Interstate travellers require proof of a negative PCR test within 72 hours before departure and must take another test within 48 hours of arrival in WA, if the trip is for more than five days.
If the domestic trip is for five days or less, travellers will be expected to get the test before departure but will not be required to undertake another test in WA. Those leaving WA to travel interstate will not be expected to get a test before returning home, but will need to take a PCR test within 48 hours of arrival in WA.
Mr McGowan said that when the borders reopened COVID-19 wouldn’t magically go away and “we begin a new phase of pandemic management in WA”.
“With the ability for the virus to enter the community a number of things will change in our approach,” he said.
Quarantine-free travel will be possible with COVID-positive jurisdictions, both international and interstate.
“International arrivals will still be required to return a negative PCR test result within 72 hours prior to departure and undergo a PCR test within 48 hours of arrival in Perth and on day six.
“If they are double-vaccinated there will be no requirement for quarantine.
“Unvaccinated [people] or those who have not had an approved vaccine will still be required to undertake 14 days of quarantine, whether at a hotel or at the designated Commonwealth facility when it comes online.”

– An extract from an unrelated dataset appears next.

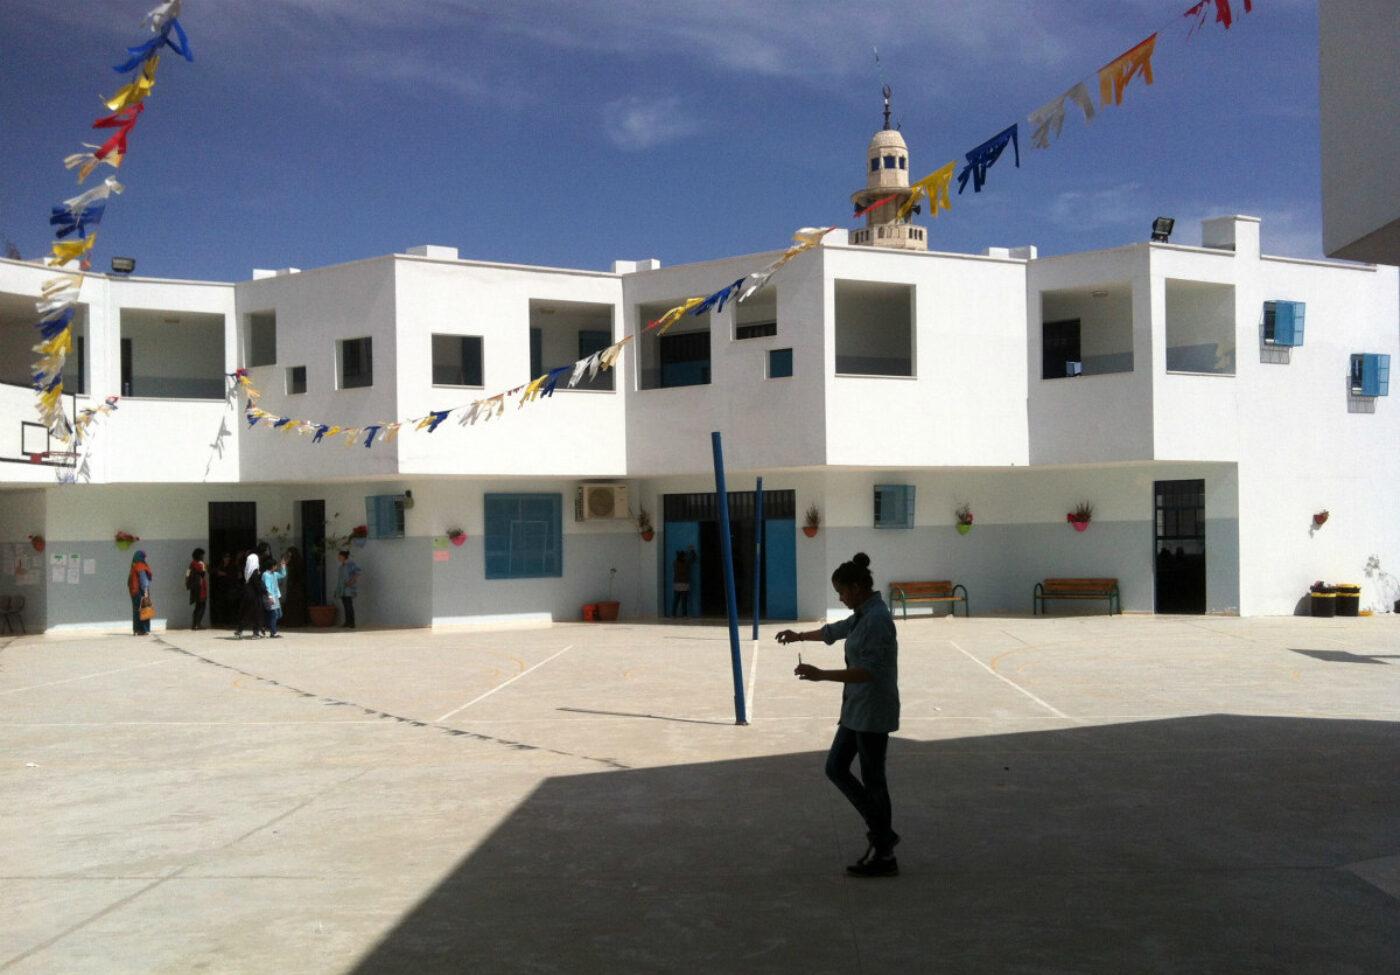 School in Exile

He said that the state was entering the next phase of its management of the pandemic “from the safest possible position”.
Mr McGowan had flagged that the state would not reopen to the rest of Australia and the world until 90 per cent of residents aged 12 and up were fully vaccinated against COVID-19. The February 5 reopening date is firm and the plan is expected to proceed even if that target is not met, although Mr McGowan believes it is eminently achievable.
“What we expect is vaccination rates will slow a little bit over Christmas and New Year … we’re very confident by February 5 we will hit 90 per cent double dose [vaccination target] for the entirety of Western Australia,” Mr McGowan said.
Mr McGowan said the only thing that would move the goalpost for the February 5 opening would be “some unforeseen emergency or catastrophe which we can’t predict”.
“But that’s the nature of COVID,” he said. “It’s a very safe bet that on February 5 this transition will occur.”
West Australian Premier Mark McGowan held a press conference at about 2pm local time (5pm AEDT) about the state’s border reopening plan. We will have the playback clip for you shortly.
South Korean President Moon Jae-in has insisted his visit to Australia has nothing to do with China despite enhancing defence ties with Canberra amid increasing tensions with Beijing.
Australia and South Korea finalised a $1 billion defence contract, pledged to boost defence industry ties and strengthen critical minerals and clean energy trade in agreements signed by President Moon and Prime Minister Scott Morrison in Canberra on Monday.
Prime Minister Scott Morrison meets with President of South Korea Moon Jae-in on Monday.Credit:Alex Ellinghausen
“We will continue to cooperate with Australia for peace in this region,” Mr Moon said.
“The state visit I make at this time has nothing to do with our position over China.”
South Korea recently adopted a more cautious approach than neighbouring Japan to China because of its reliance on Beijing to negotiate a peace deal with North Korea. This has sparked fears Asia’s fourth-largest economy is being left behind by the members of the Quad grouping of Australia, the United States, India and Japan.